■ **WHAT TO WORK ON**: Reproduce the whole listing exactly and let no picture into the copy.

■ **THE DATA**:

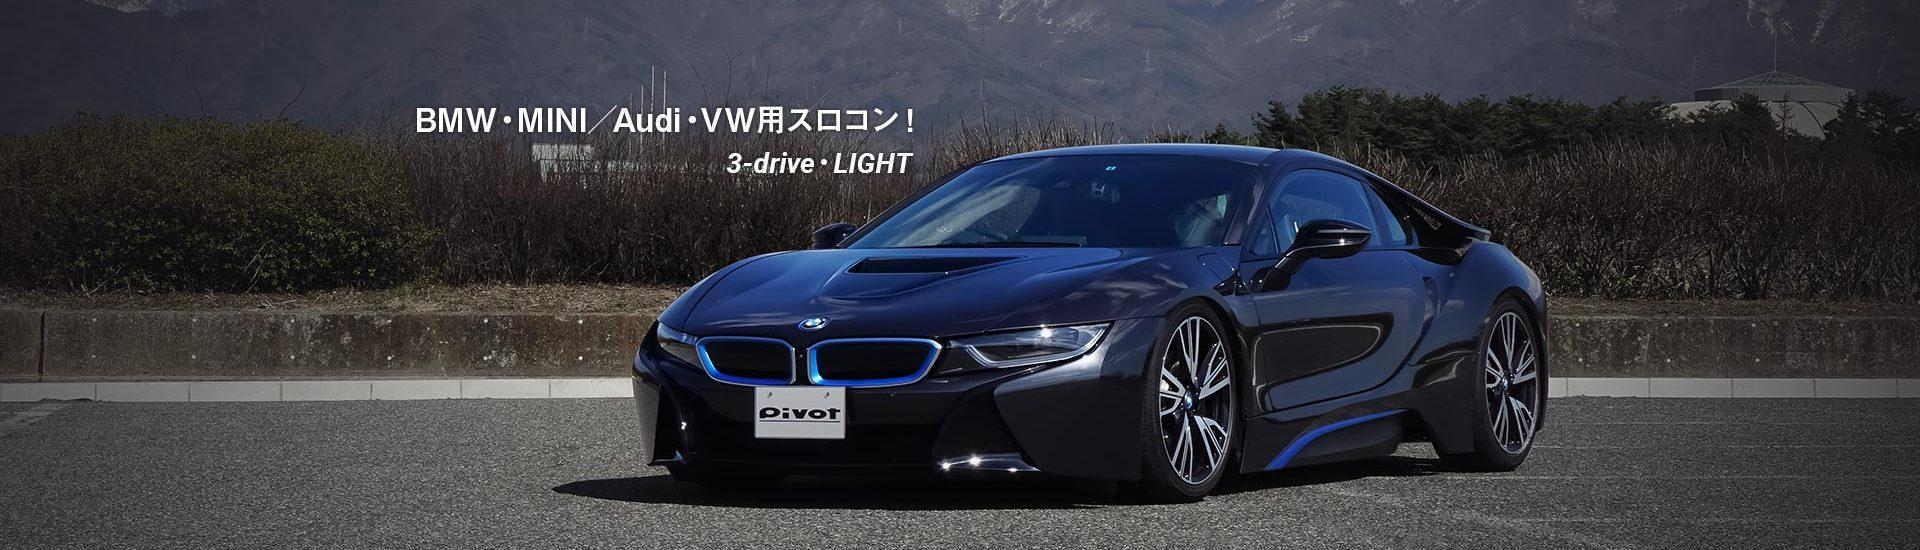 3-drive・LIGHT
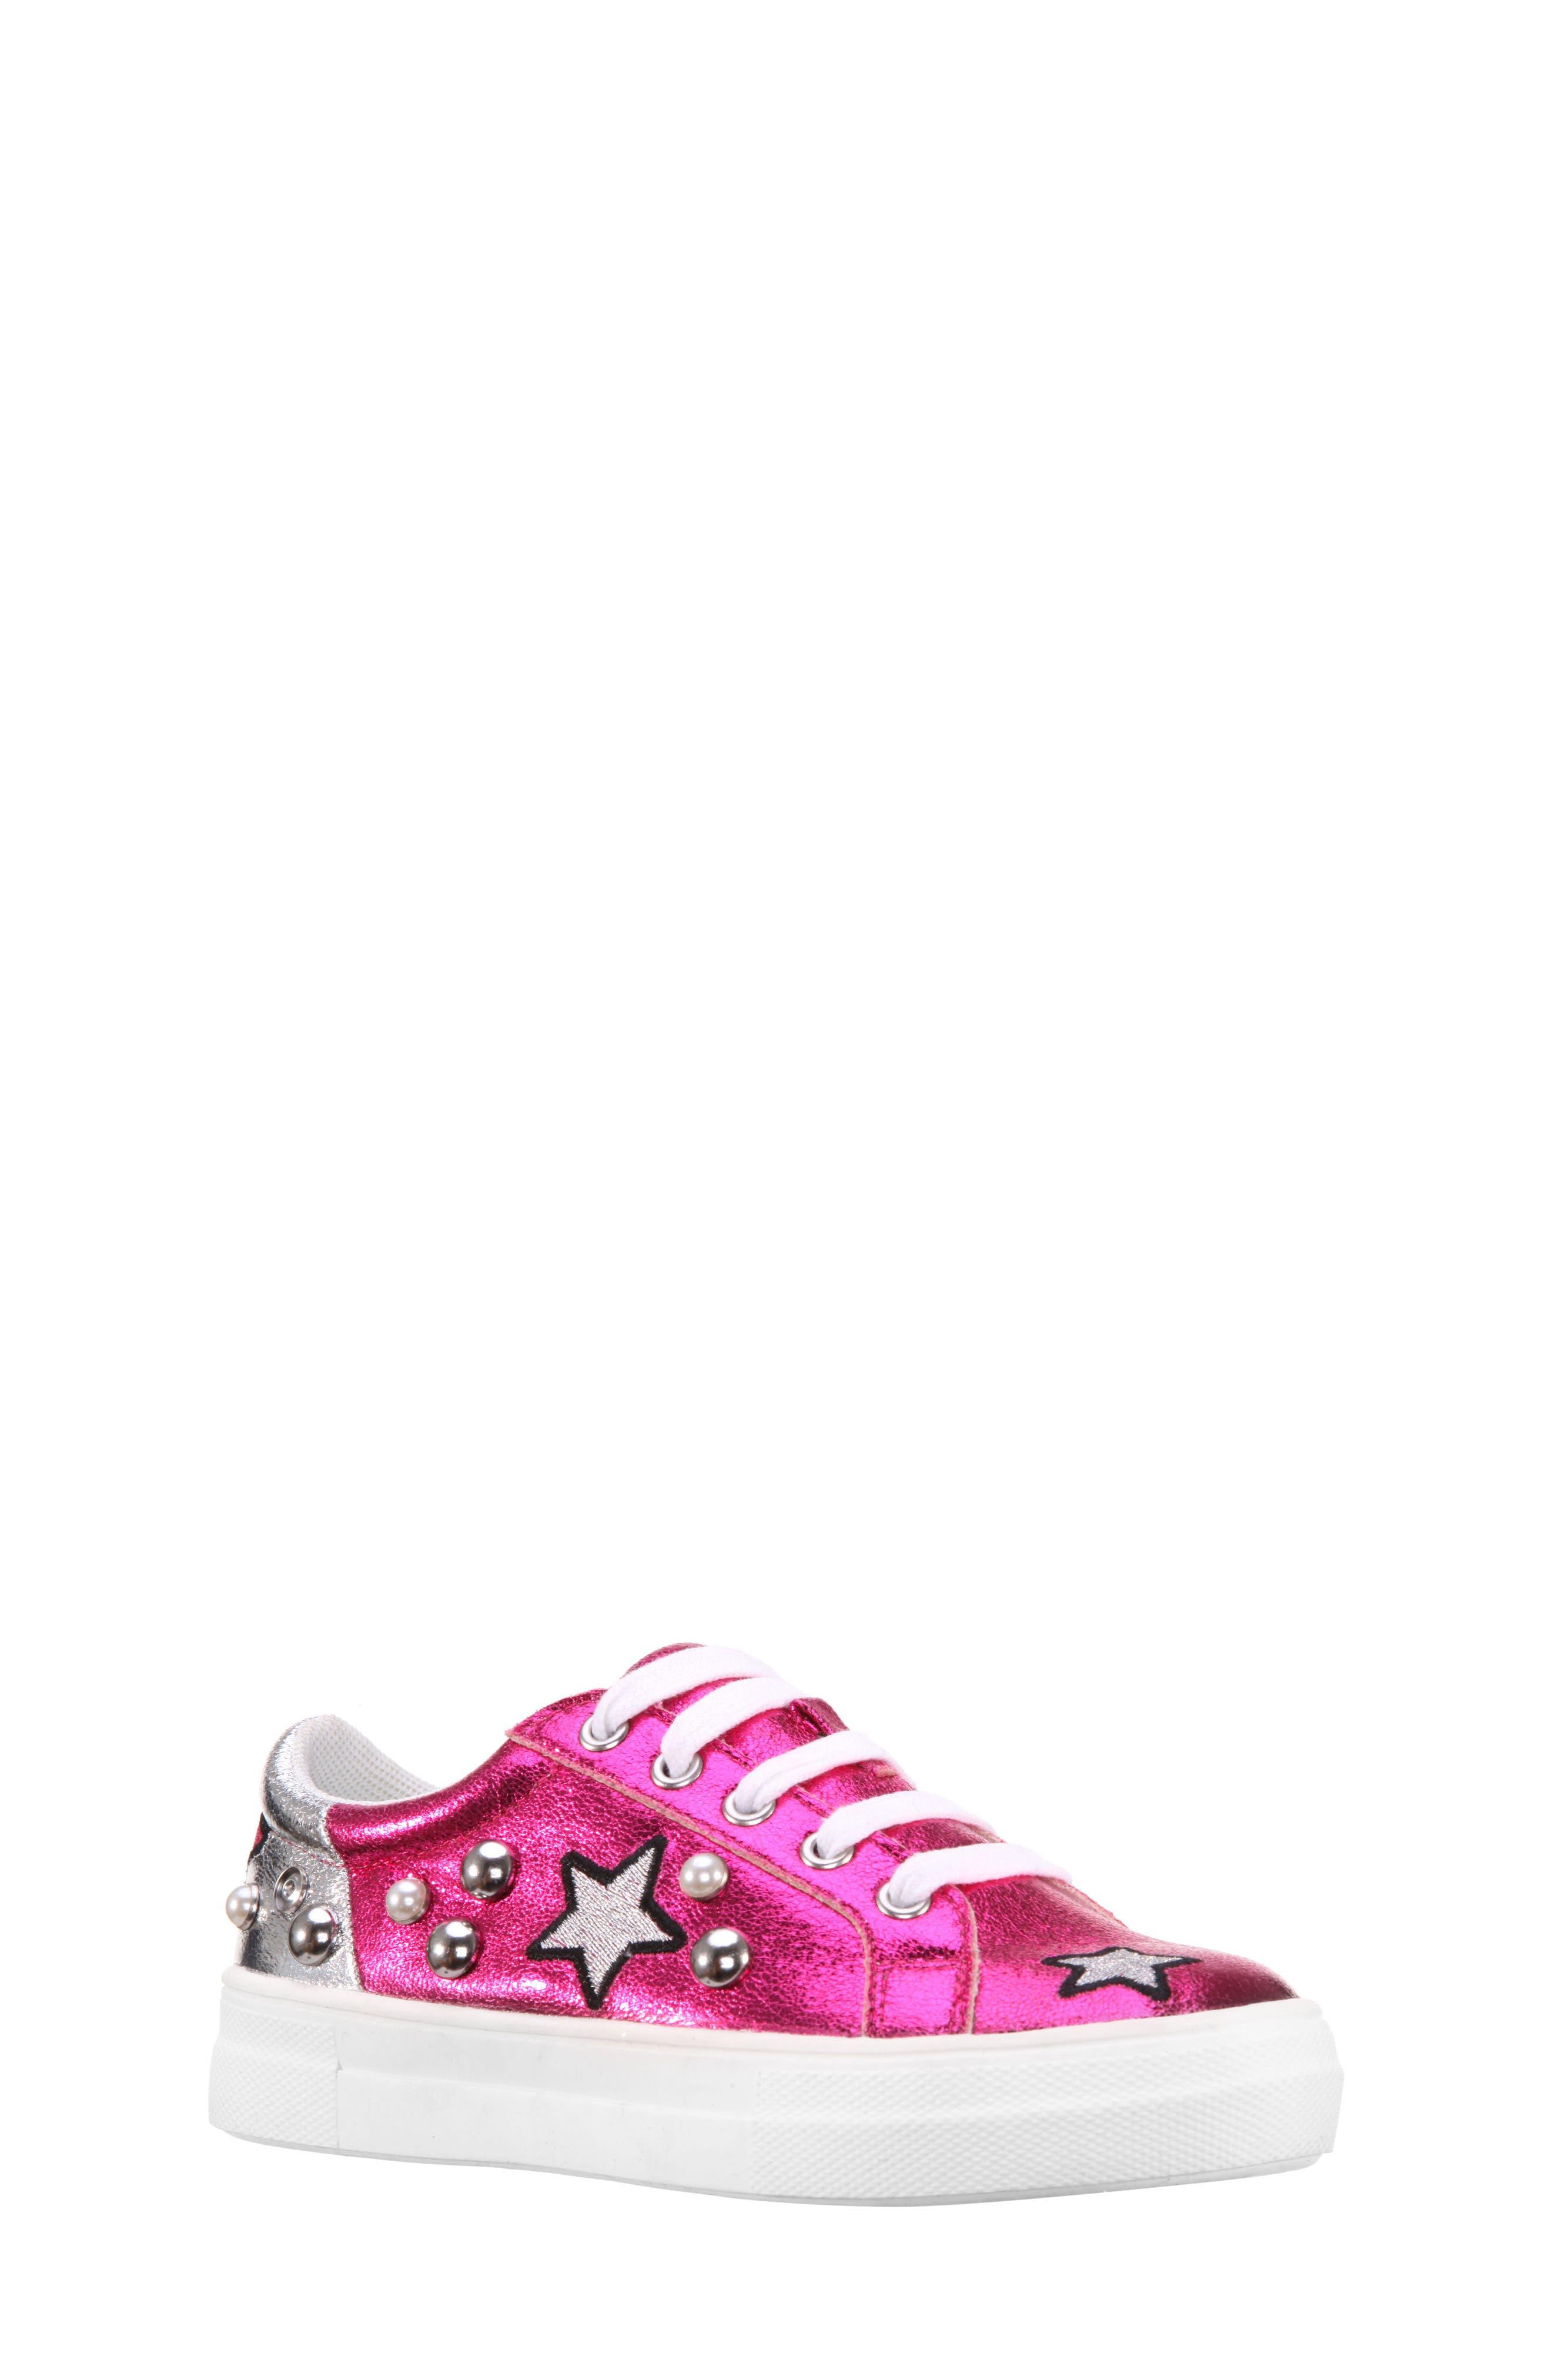 Kryslyn Metallic Sneaker,                             Main thumbnail 1, color,                             694
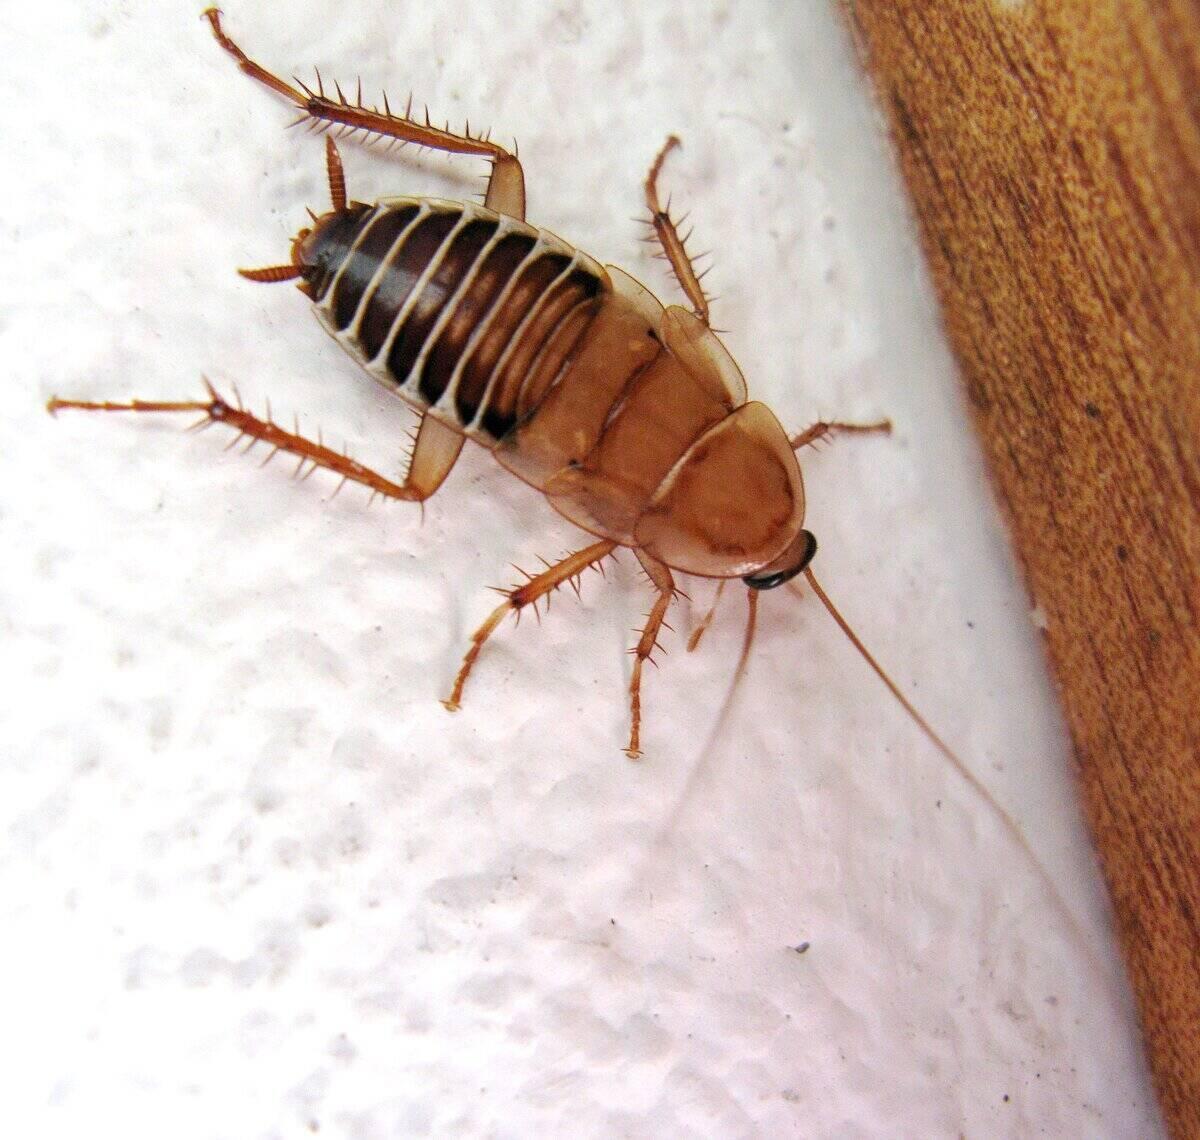 Close-up of a single cockroach

■ **REPLY TO THE TASK**:
 3-drive・LIGHT
 Kryslyn Metallic Sneaker,                             Main thumbnail 1, color,                             694
 Close-up of a single cockroach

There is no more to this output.